- TO DO -
In the listing below, the lines starting at the line with "former Clippers teammate" and ending at the line with "00s Hysteric Glamour Tulip Skirt" are to be output verbatim. Images stay out of the copy.

- SUPPLIED RECORDS -
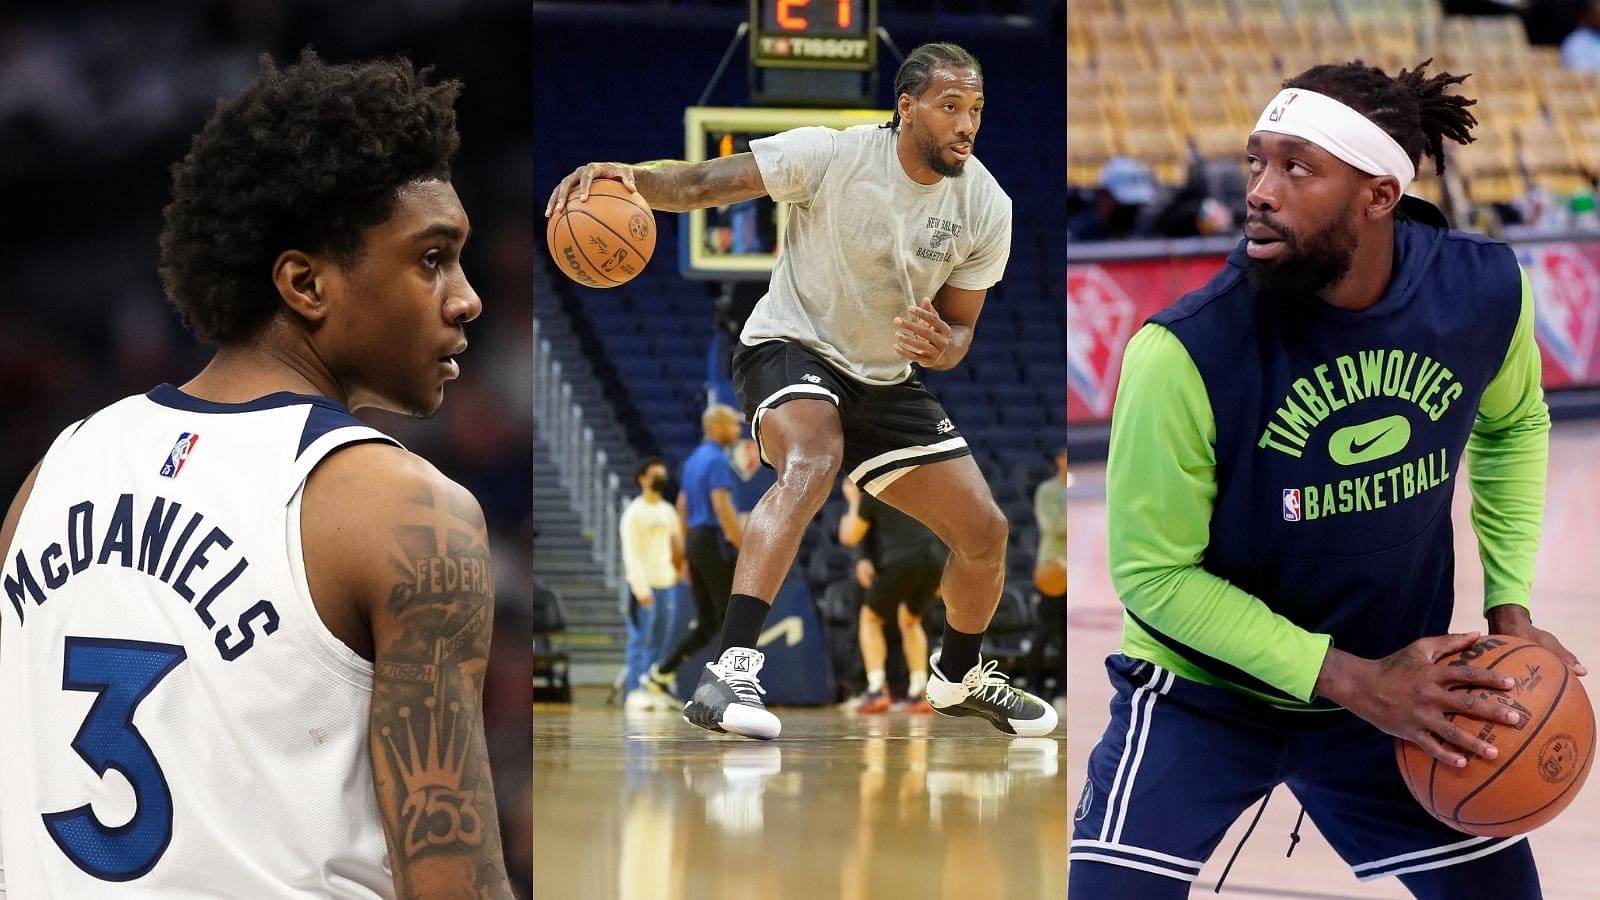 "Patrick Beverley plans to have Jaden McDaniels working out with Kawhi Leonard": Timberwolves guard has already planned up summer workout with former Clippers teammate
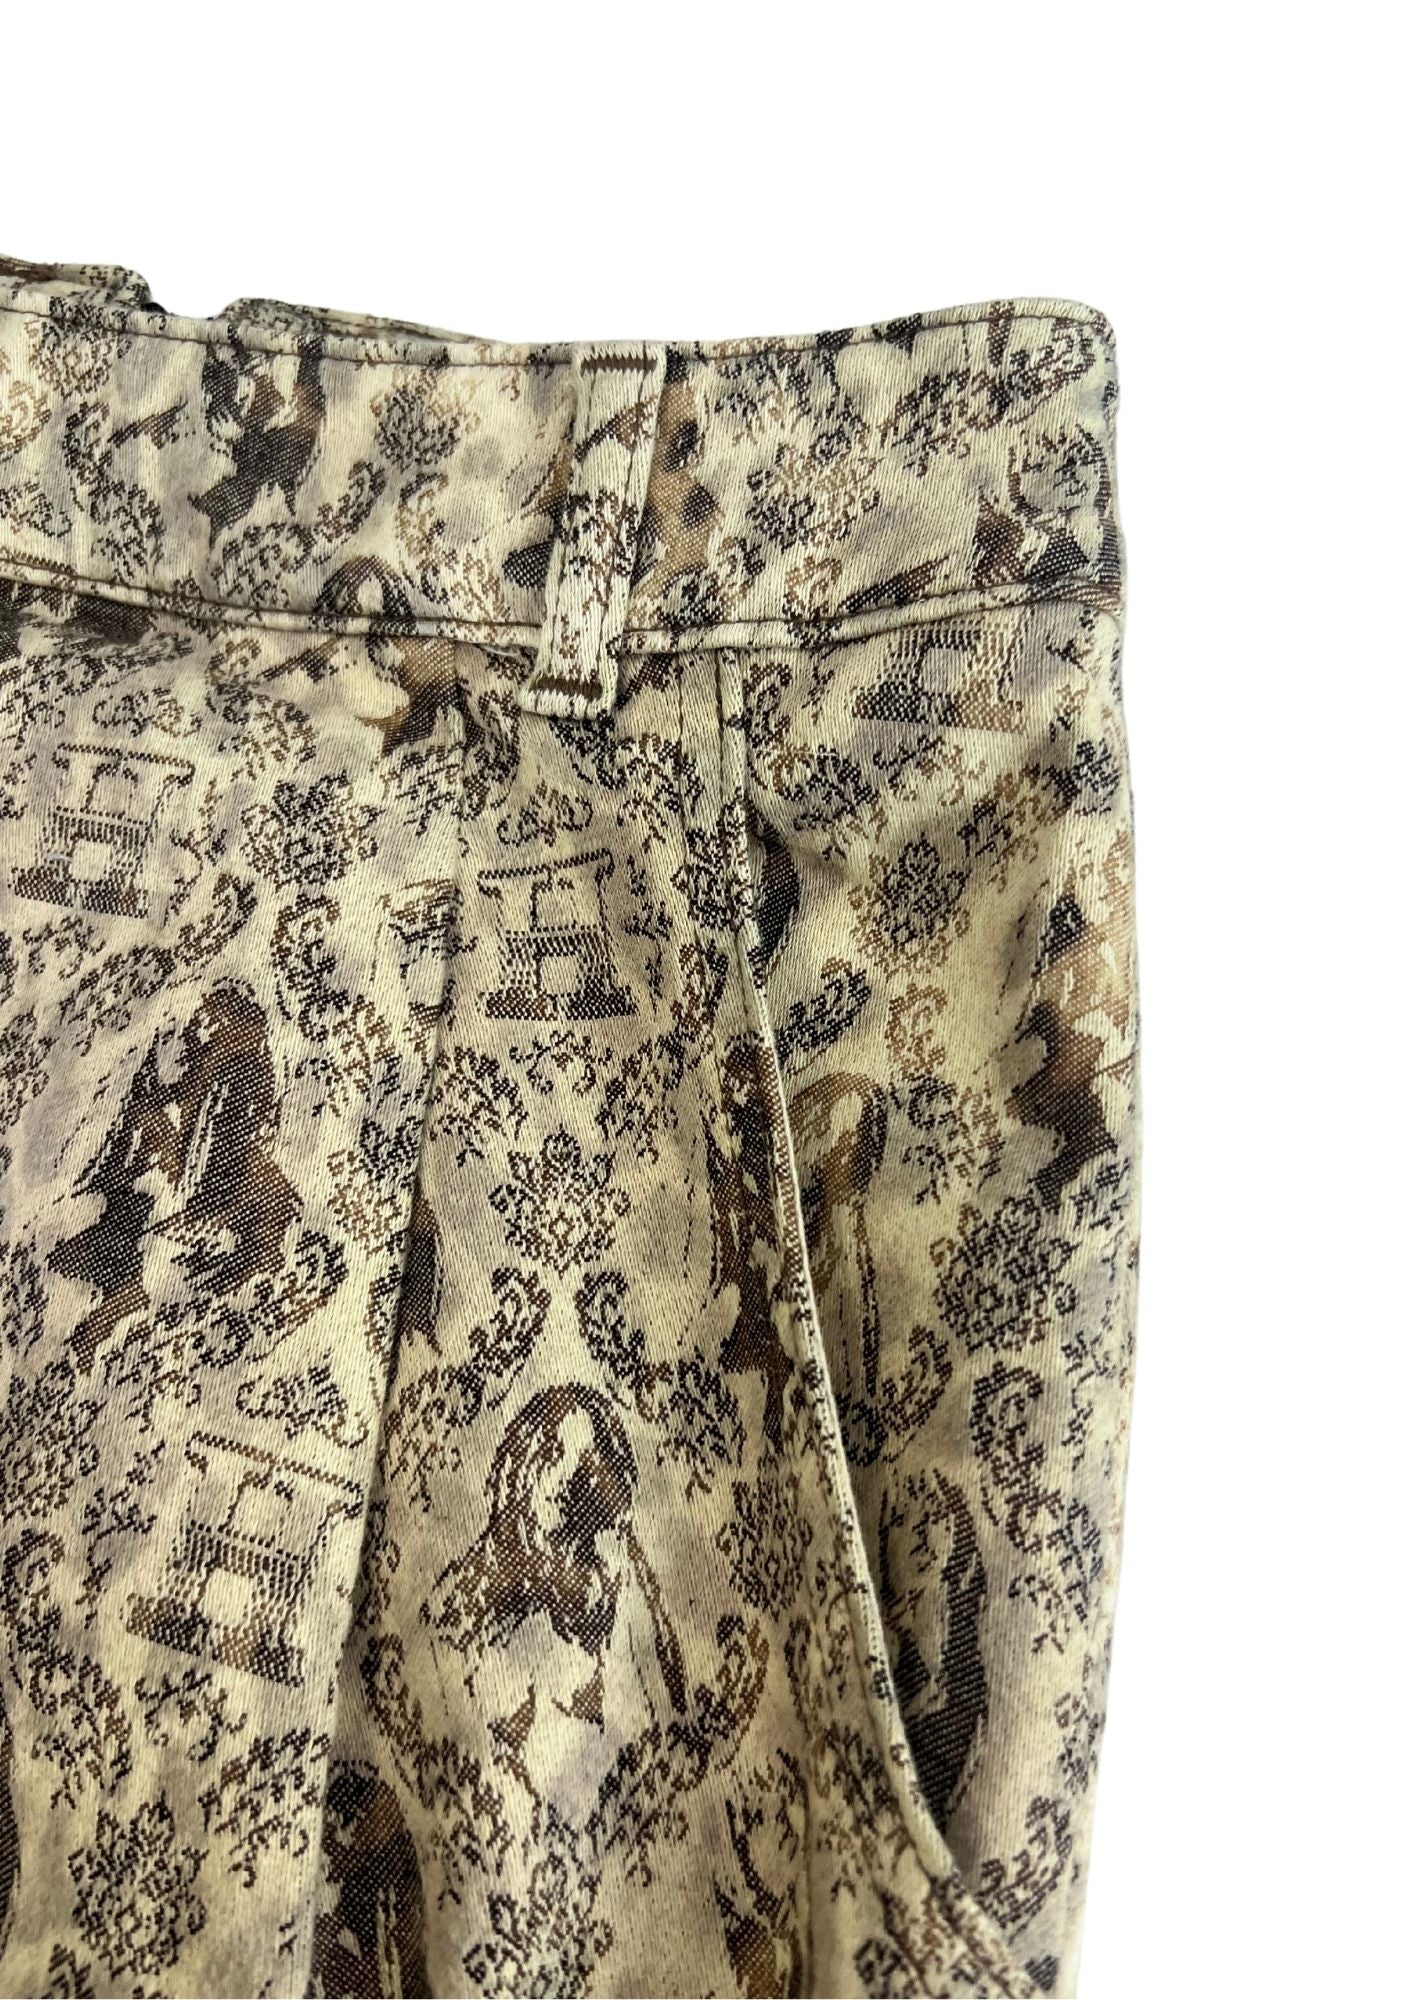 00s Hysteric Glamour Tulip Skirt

---

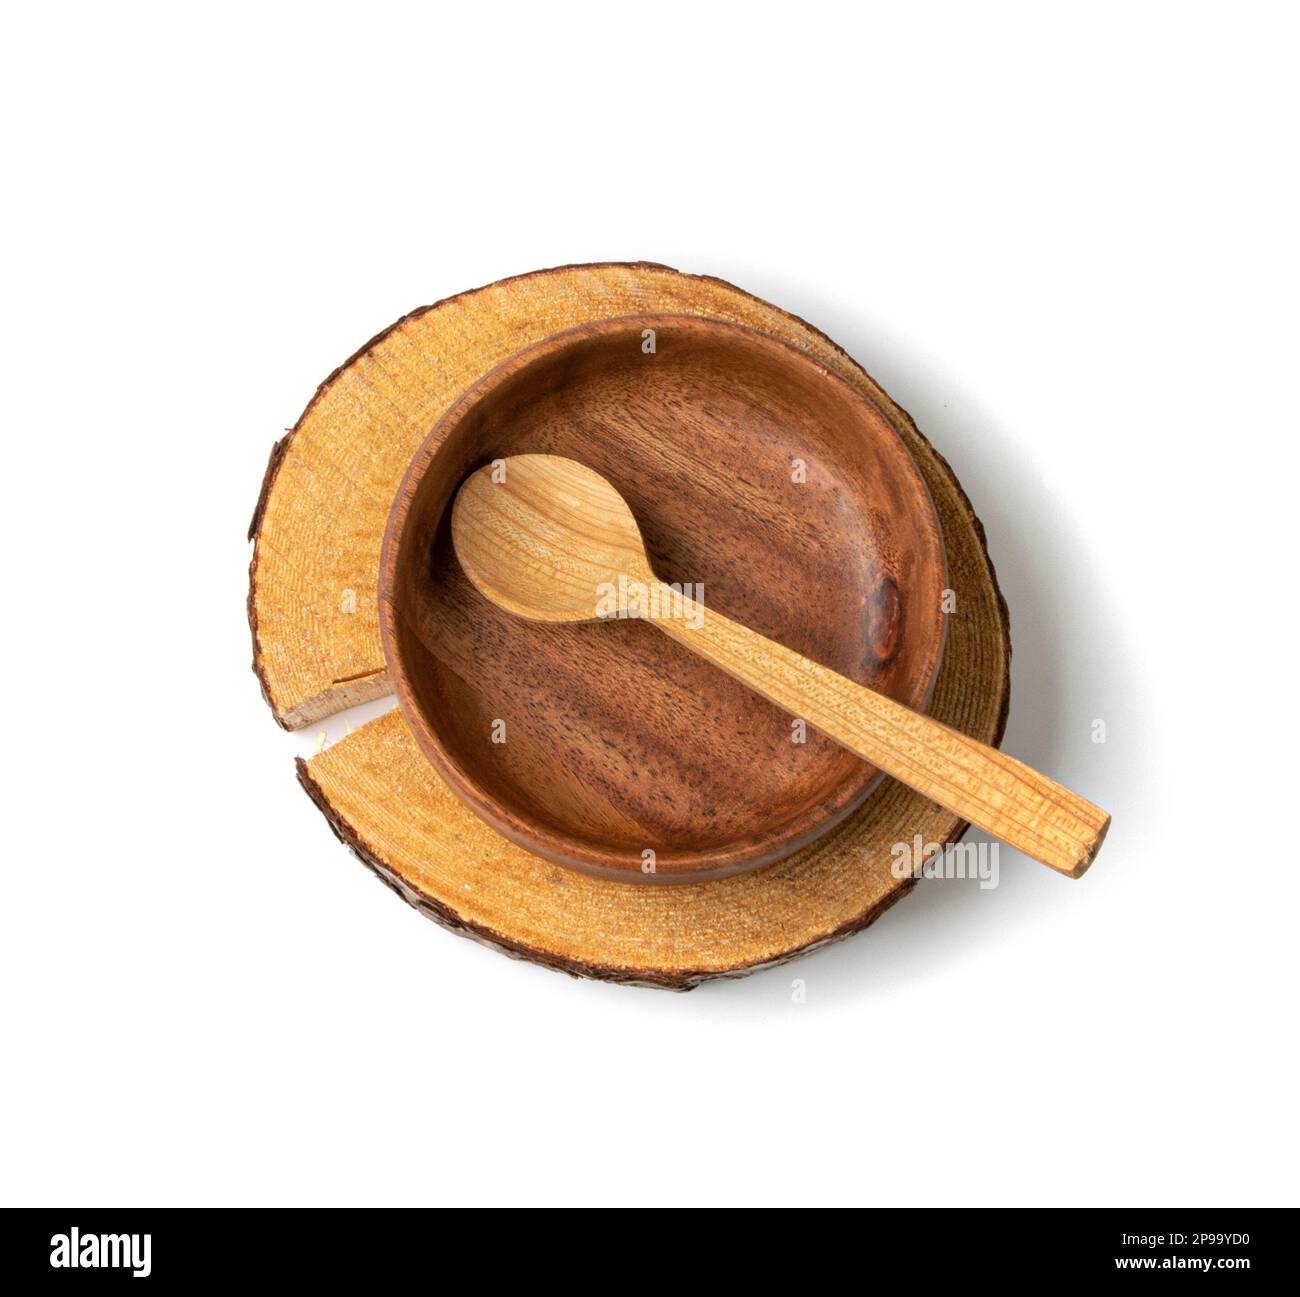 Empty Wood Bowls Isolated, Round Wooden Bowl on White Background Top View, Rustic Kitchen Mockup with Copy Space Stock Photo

* * *

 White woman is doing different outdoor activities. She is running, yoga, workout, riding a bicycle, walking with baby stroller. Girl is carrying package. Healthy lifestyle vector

- ANSWER -
 "Patrick Beverley plans to have Jaden McDaniels working out with Kawhi Leonard": Timberwolves guard has already planned up summer workout with former Clippers teammate
 00s Hysteric Glamour Tulip Skirt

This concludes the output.